Sophos reports spike in ransomware groups using remote encryption
Sophos has released a revealing report titled 'CryptoGuard: An Asymmetric Approach to the Ransomware Battle'. The report brings to light the trend of some of the most active and prolific ransomware groups intentionally switching on remote encryption for their attacks. Notable among these groups are Akira, ALPHV/BlackCat, LockBit, Royal, and Black Basta.
Describing the processes of remote encryption attacks or remote ransomware, the report highlights the use of compromised and often inadequately protected endpoints by adversaries. These are used to encrypt data on other devices within the same network.
The CryptoGuard anti-ransomware technology, a part of all Sophos Endpoint licenses, helps to monitor these malicious encryptions and provides immediate protection and rollback potentials. This technology only gets activated if triggered by an adversary later in the attack chain.

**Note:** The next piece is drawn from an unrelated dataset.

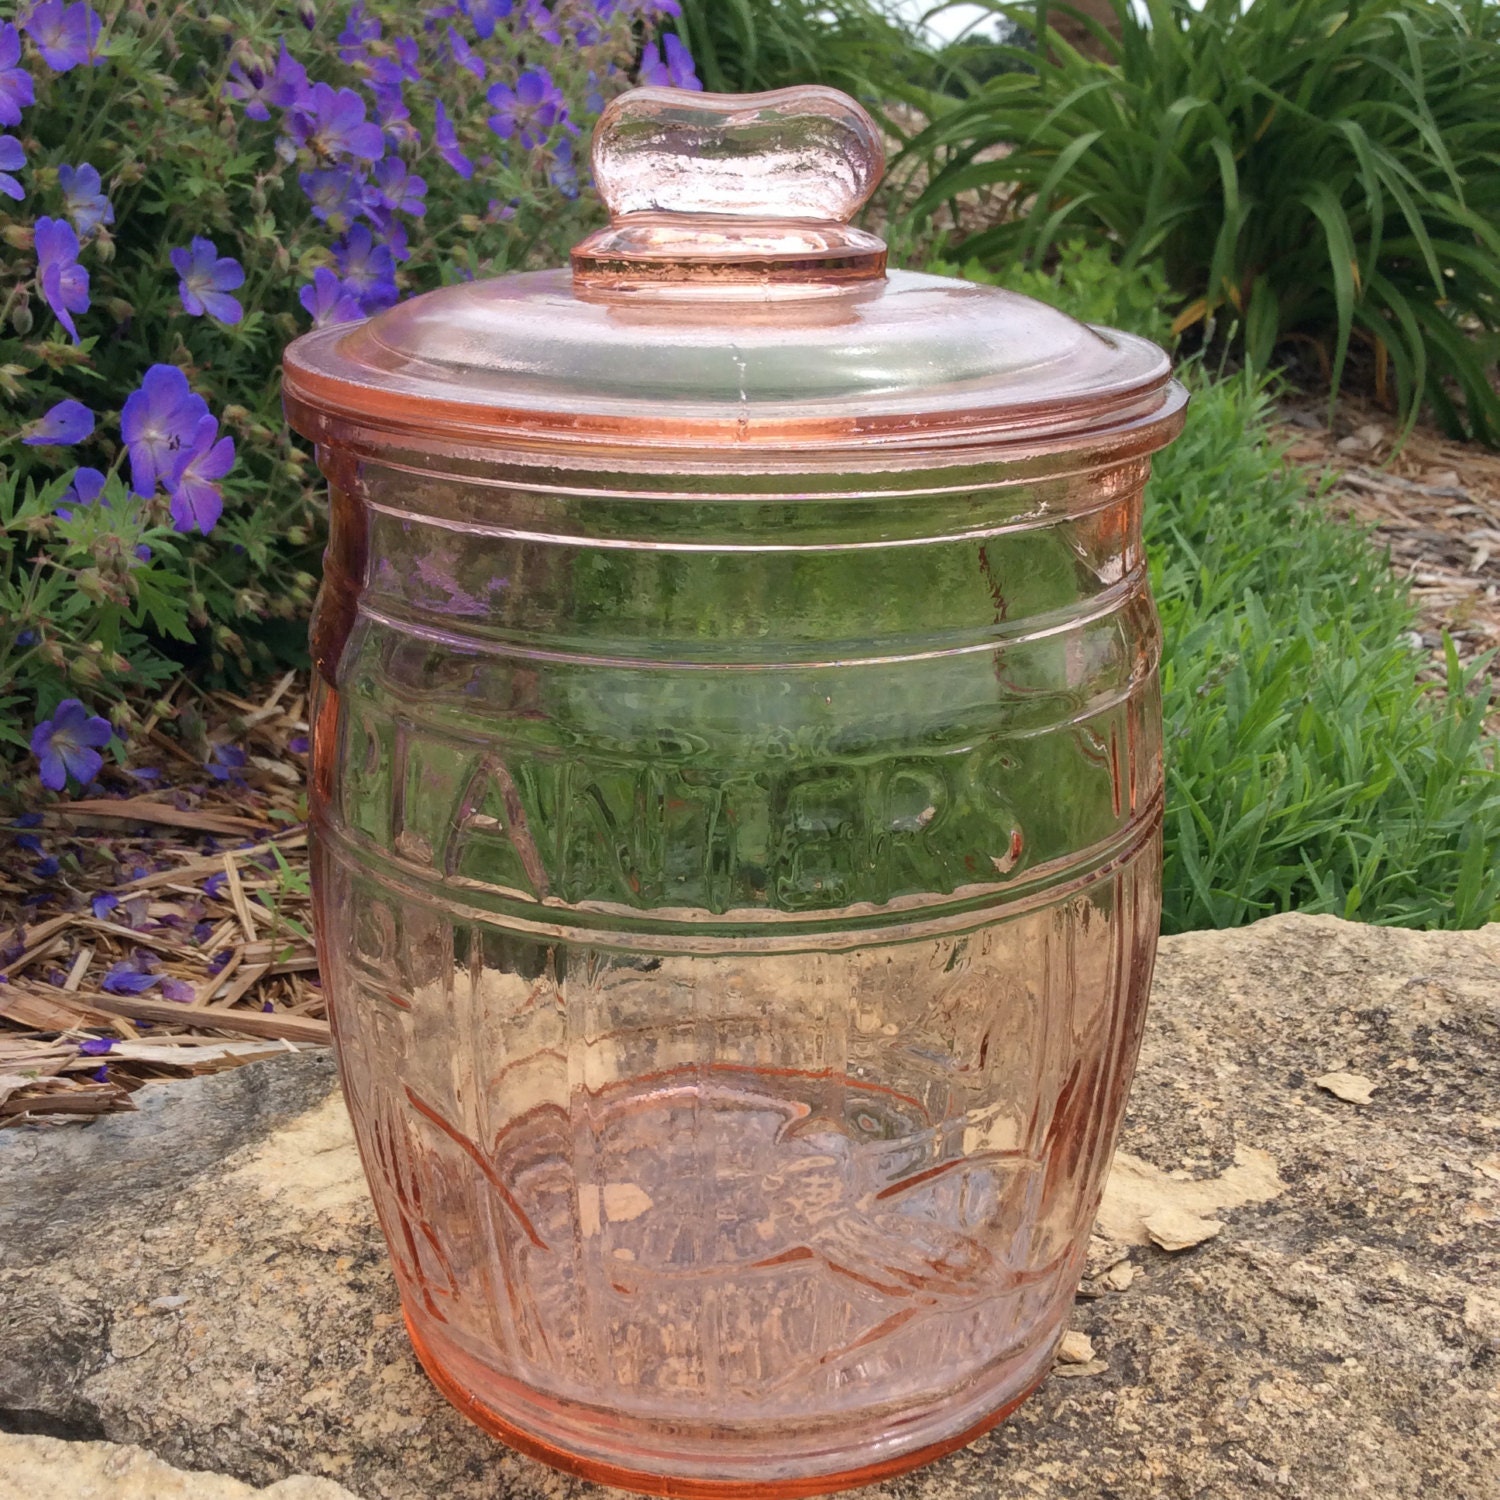 Sale on Vintage Pink Planters Peanut Cookie Jar with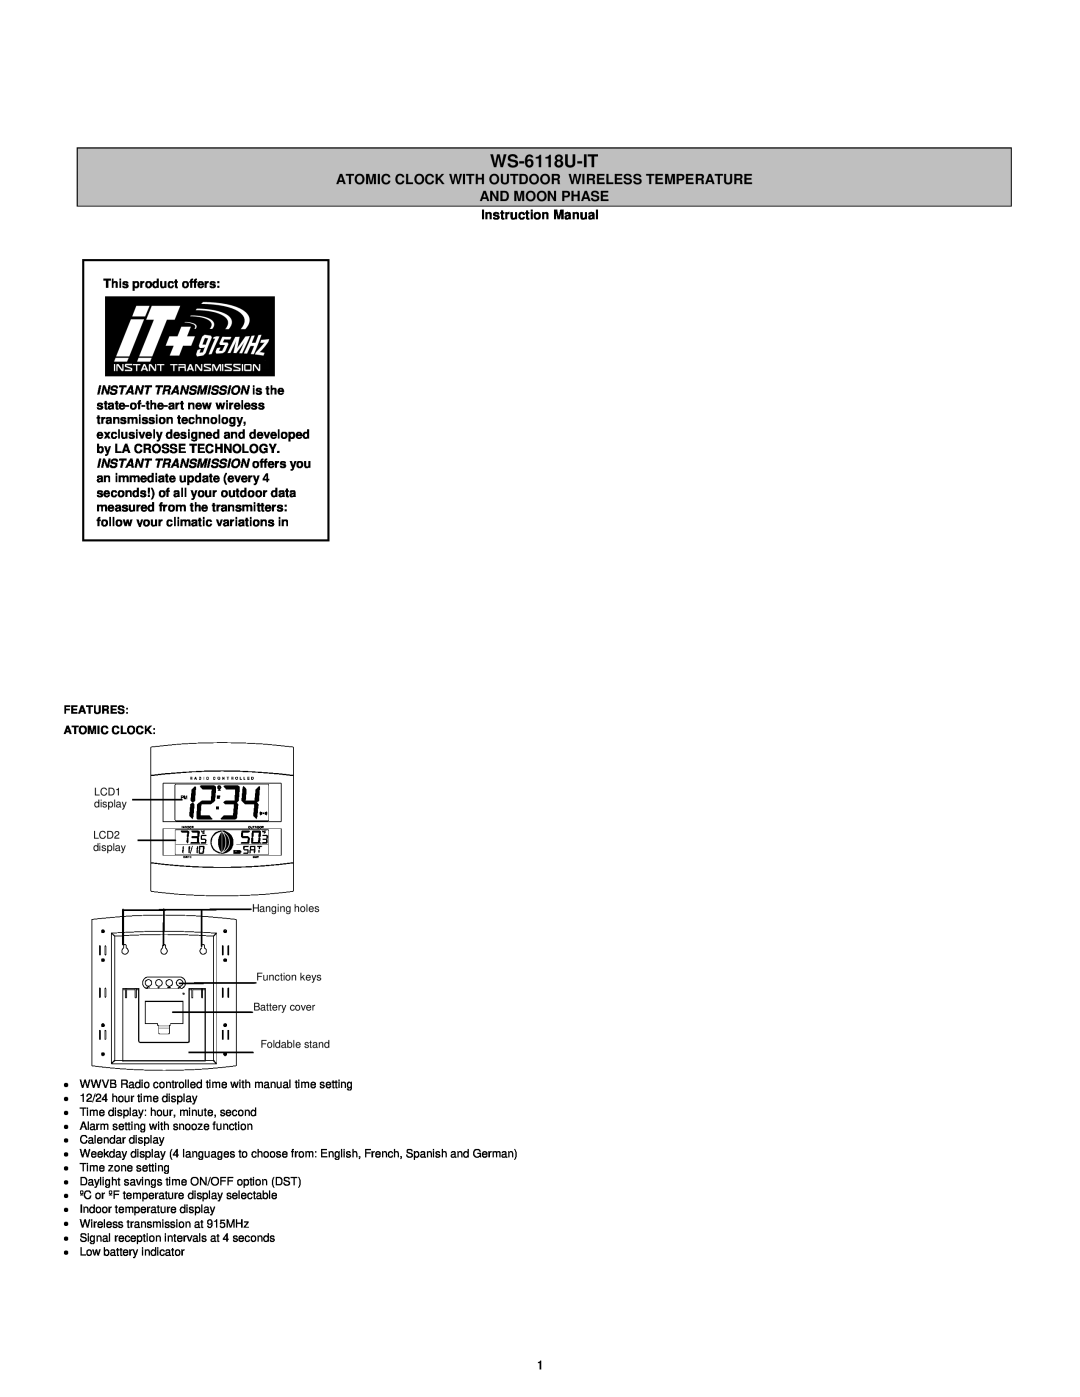 La Crosse Technology WS-6118AL-IT instruction manual WS-6118U-IT, Instruction Manual

The data acquired by CryptoGuard shows a significant 62% annual increase in intentional remote encryption attacks since 2022.
According to Mark Loman, the vice president of threat research at Sophos and the co-creator of CryptoGuard, "Companies can have thousands of computers connected to their network, and with remote ransomware, all it takes is one under-protected device to compromise the entire network."
"Attackers know this, so they hunt for that one weak spot and most companies have at least one. Remote encryption is going to stay a perennial problem for defenders, and, based on the alerts we've seen, the attack method is steadily increasing."
Traditional anti-ransomware protection methods fail to shield remote devices from these attacks as they often do not detect the malicious files or their activities. CryptoGuard technology, on the other hand, employs an innovative approach: it observes changes in file contents to see if any data was encrypted, signalling ransomware activity. This process works even if there's no malware present on the device itself.
The report traces the origin of remote encryption to circa 2013 when CryptoLocker employed it along with asymmetric encryption, also known as public-key cryptography.
"When we first noticed CryptoLocker taking advantage of remote encryption 10 years ago, we foresaw that this tactic was going to become a challenge for defenders. Other solutions focus on detecting malicious binaries or execution. In the case of ransomware using remote encryption, the malware and execution reside on a different computer (unprotected) than the one having the files encrypted. The only way to stop it is by watching the files and protecting them. That's why we innovated CryptoGuard," explained Loman.
CryptoGuard targets not the ransomware but the files, the actual targets of the attacks. It applies mathematical analysis to documents to detect any changes or encryption.
Not relying on breach indicators, threat signatures, artificial intelligence, cloud lookups or prior knowledge, it focuses on the files to turn the table on the attackers, increasing their costs and complexities, thereby dissuading them from encrypting data. This is part of Sophos's asymmetric defense approach strategy.
The report concludes by discussing the sustained gravity of remote ransomware attacks. Noting the strategies employed by attackers to maximise impact in the least amount of time, it emphasizes the necessity for proper protection measures against this persistent attack method. It concludes by expressing the hope that this study will provide valuable insights to defenders, enabling them to protect their devices more effectively.